In our last post we showed it was possible to encapsulate plant protoplasts. The next step is to couple encapsulation to analysis of fluorescence. This is important as it will allow us to measure the abundance of a given fluorescent protein if we want to test the strength of a promoter or the output of a genetic circuit. Additionally, the technique could be used to measure the amount of a particular chemical produced by cells in each droplet (such as ethanol) if we wanted to test novel metabolic pathways.
To do this we are using a laser setup in Chris Abell's lab shown in Figure 1.
Figure 1: Laser setup for analysis of protoplast fluorescence. Courtesy of Dr. Sara Abalde-Cela. Photomultiplier tube (PMT). |
We use the laser beam to illuminate each droplet at a particular wavelength as it passes through the microfluidic device. The choice of wavelength is dependent on the molecule you wish to detect and the experimental conditions (such as pH), (a great online tool with detailed information about the parameters for fluorescent proteins can be found here).
Photons from the laser beam are absorbed by chemicals and re-emitted in a process known fluorescence, which can then be read by a detector. Fluorescence is often found in nature (Figure 2), and use of a protein from jelly fish (known as green fluorescent protein 'GFP') for visualization of biological processes has become so vital to biological research it was awarded the Nobel Prize for Chemistry in 2008.
For our first test run we used the principle of chlorophyll autofluorescence (Figure 3). Chlorophyll is one of the molecules that photosynthetic organisms use to absorb sunlight, and when an excess amount of light is absorbed, chlorophyll molecules fluoresce.
Figure 3: Absorption spectra of chlorophyll a and b, the two main photosynthetic pigments in higher plants. http://www.austincc.edu/biocr/1406/labm/ex7/prelab_7_4.htm |
This gives us a nice proxy for presence or protoplasts within a droplet, and using fluorescence intensity we were were determine which droplets were empty, contained intact protoplasts or ruptured cells (Figure 4).
Figure 4: Measurement of chlorophyll fluorescence as droplets pass through the laser set up (Time/s). |
This was very exciting as it means we can now expand this approach to analyse fluorescence at a wide range of wavelengths, providing the basis for our test. Further, the fluorescence signal intensity can potentially be used to sort droplets.

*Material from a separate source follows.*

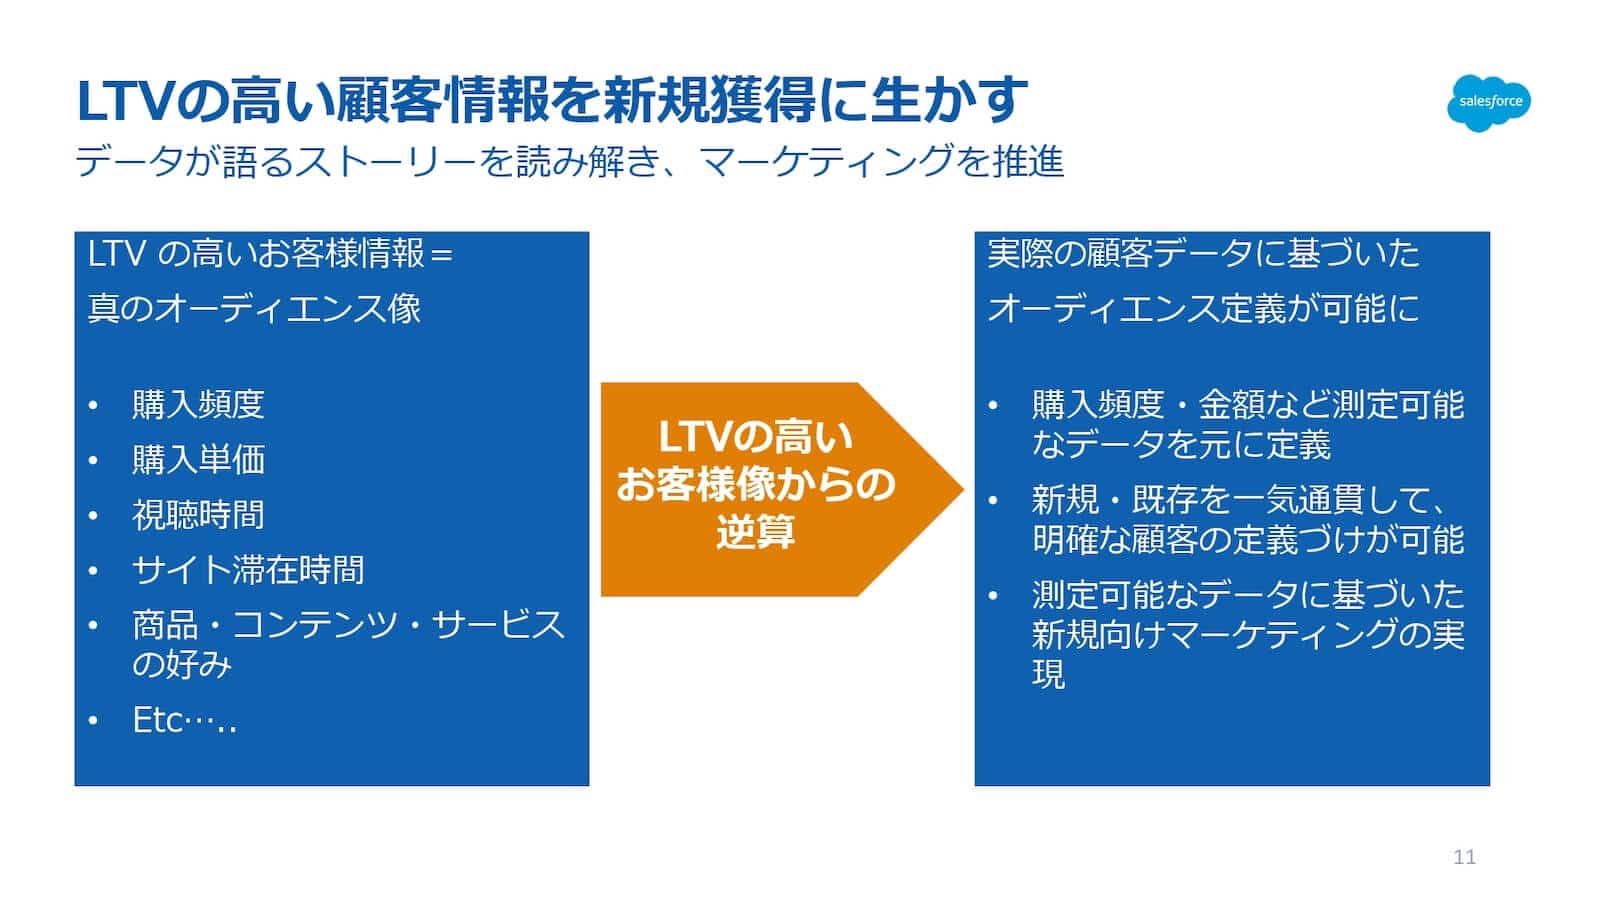 LTVが高い顧客情報を新規獲得に生かす
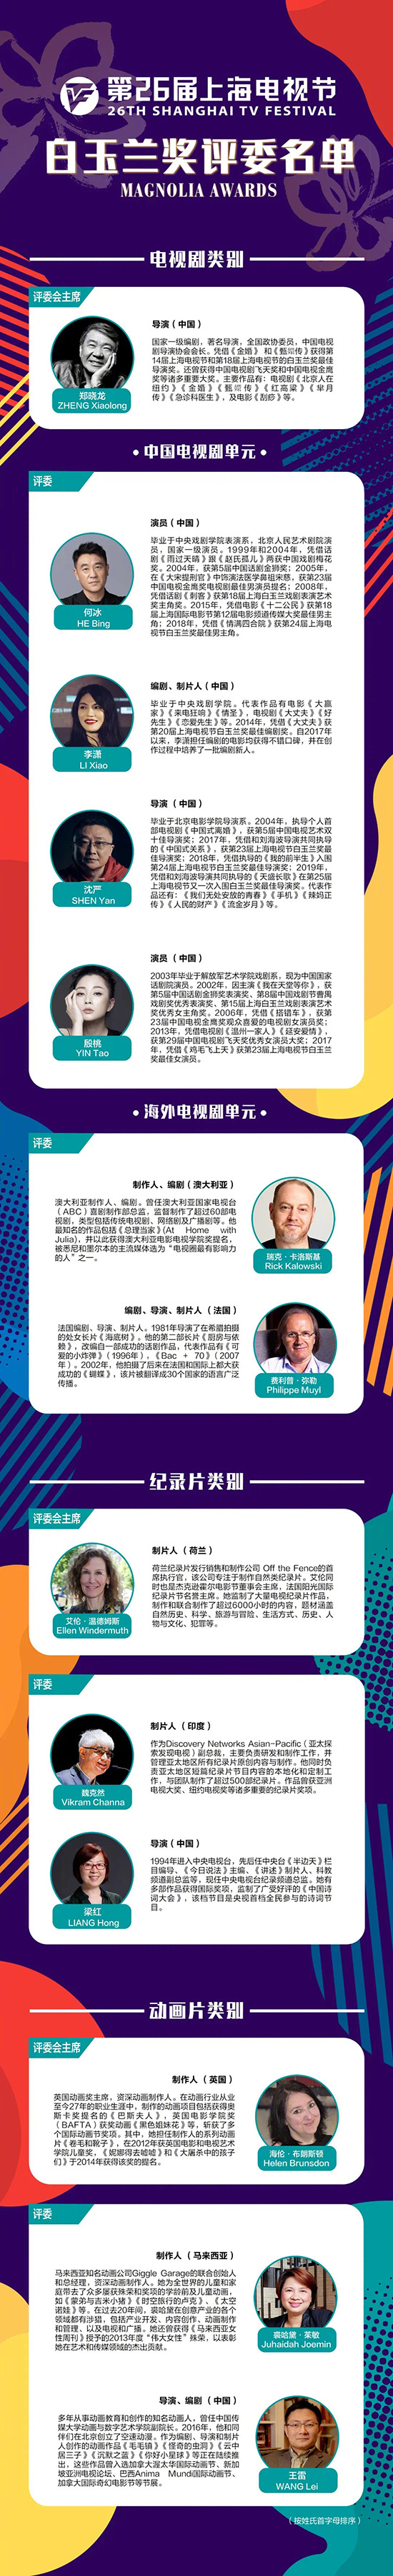 第26届上海电视节将于8.3-8.7举行 评委名单颁布

"@jimhaseloff: A fully encapsulated story from PLOS blogger Steven Burgess (https://t.co/oL8TfjnrC2) pic.twitter.com/H3Ilw1dtHN" @sjb015— Susana Sauret-Gueto (@SusanaSaGu) 28 July 2016
We presented our project at the OpenPlant Forum in July. It was encouraging to see the excitement the work generated and we had a number of good discussions with people about improving the quality of our protoplasts.
Following on from this we will be teaming up with Dr. Oleg Raitskin at the Earlham Institute to couple fluorescence analysis to protoplast transformation.